• Your task
Write out exactly the lines of the entries below from the one holding "Plecak / worek" to the one holding "спайдермен человек-паук 1977", inclusive, and leave out all other lines.

• Information
Segment Open
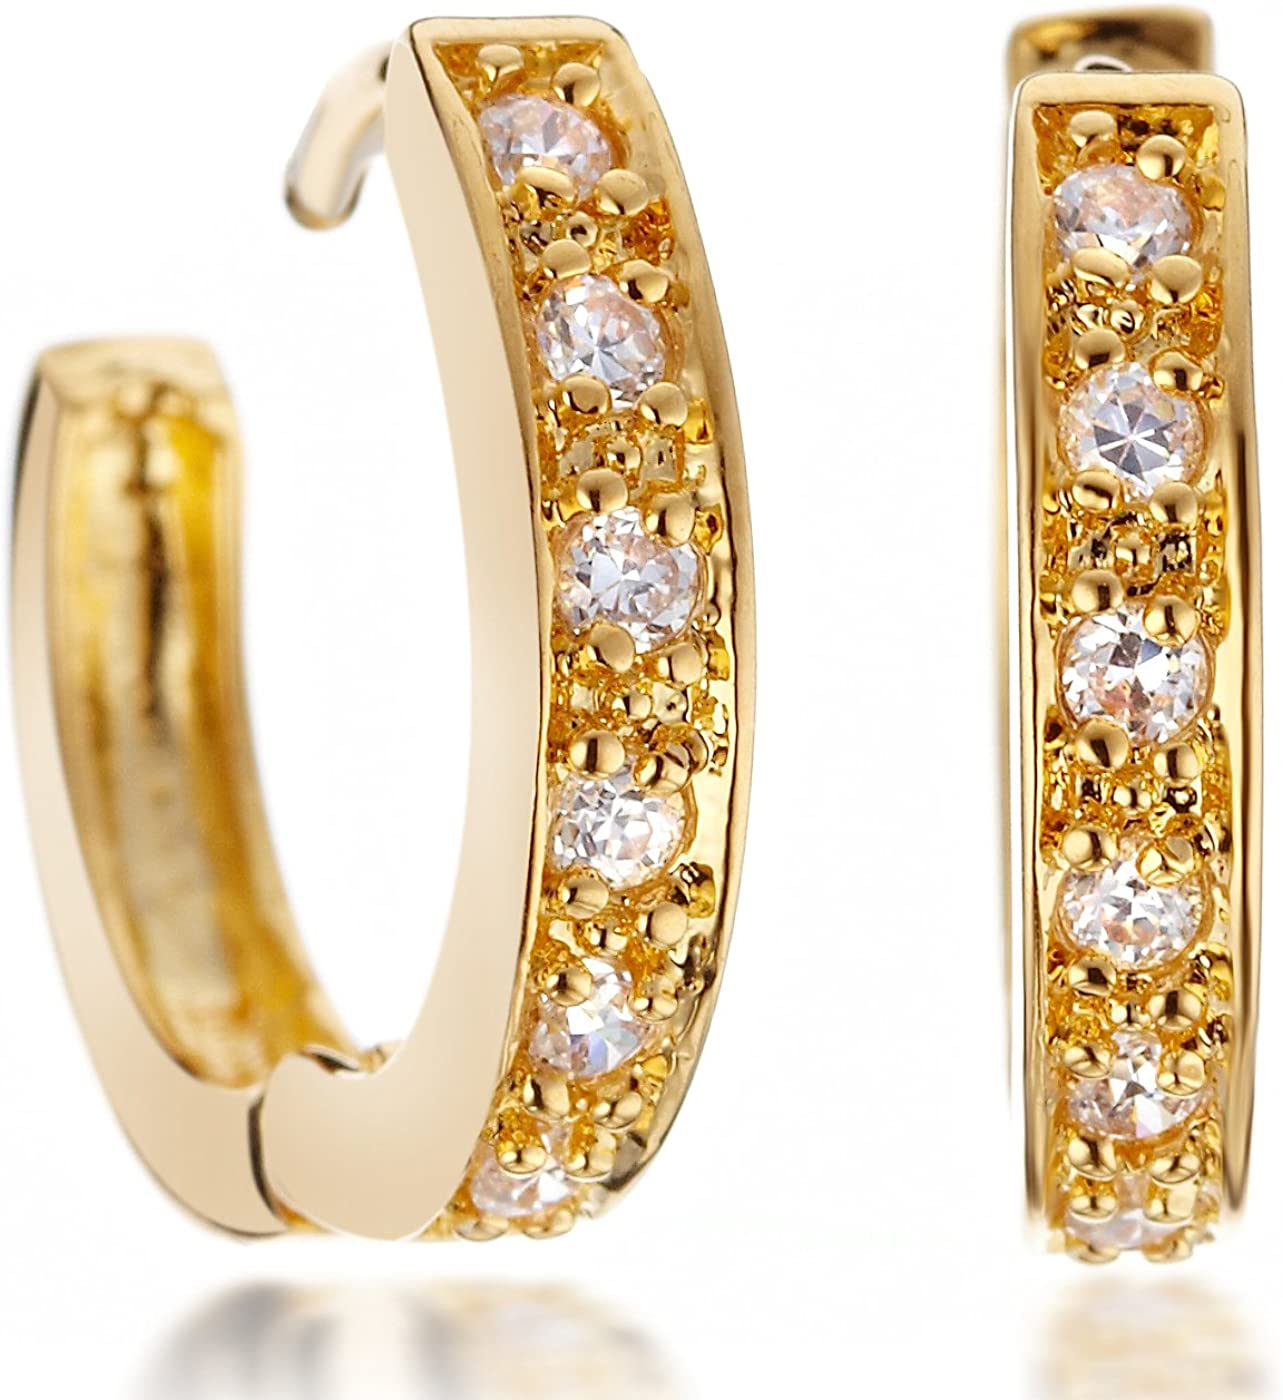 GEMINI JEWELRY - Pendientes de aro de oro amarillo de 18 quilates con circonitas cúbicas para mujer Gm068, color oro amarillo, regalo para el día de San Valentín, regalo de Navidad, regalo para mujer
Segment Closed
Segment Open
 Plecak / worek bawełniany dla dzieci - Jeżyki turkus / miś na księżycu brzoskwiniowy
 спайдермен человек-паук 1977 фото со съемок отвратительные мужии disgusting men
Segment Closed
• Output of the task
 Plecak / worek bawełniany dla dzieci - Jeżyki turkus / miś na księżycu brzoskwiniowy
 спайдермен человек-паук 1977 фото со съемок отвратительные мужии disgusting men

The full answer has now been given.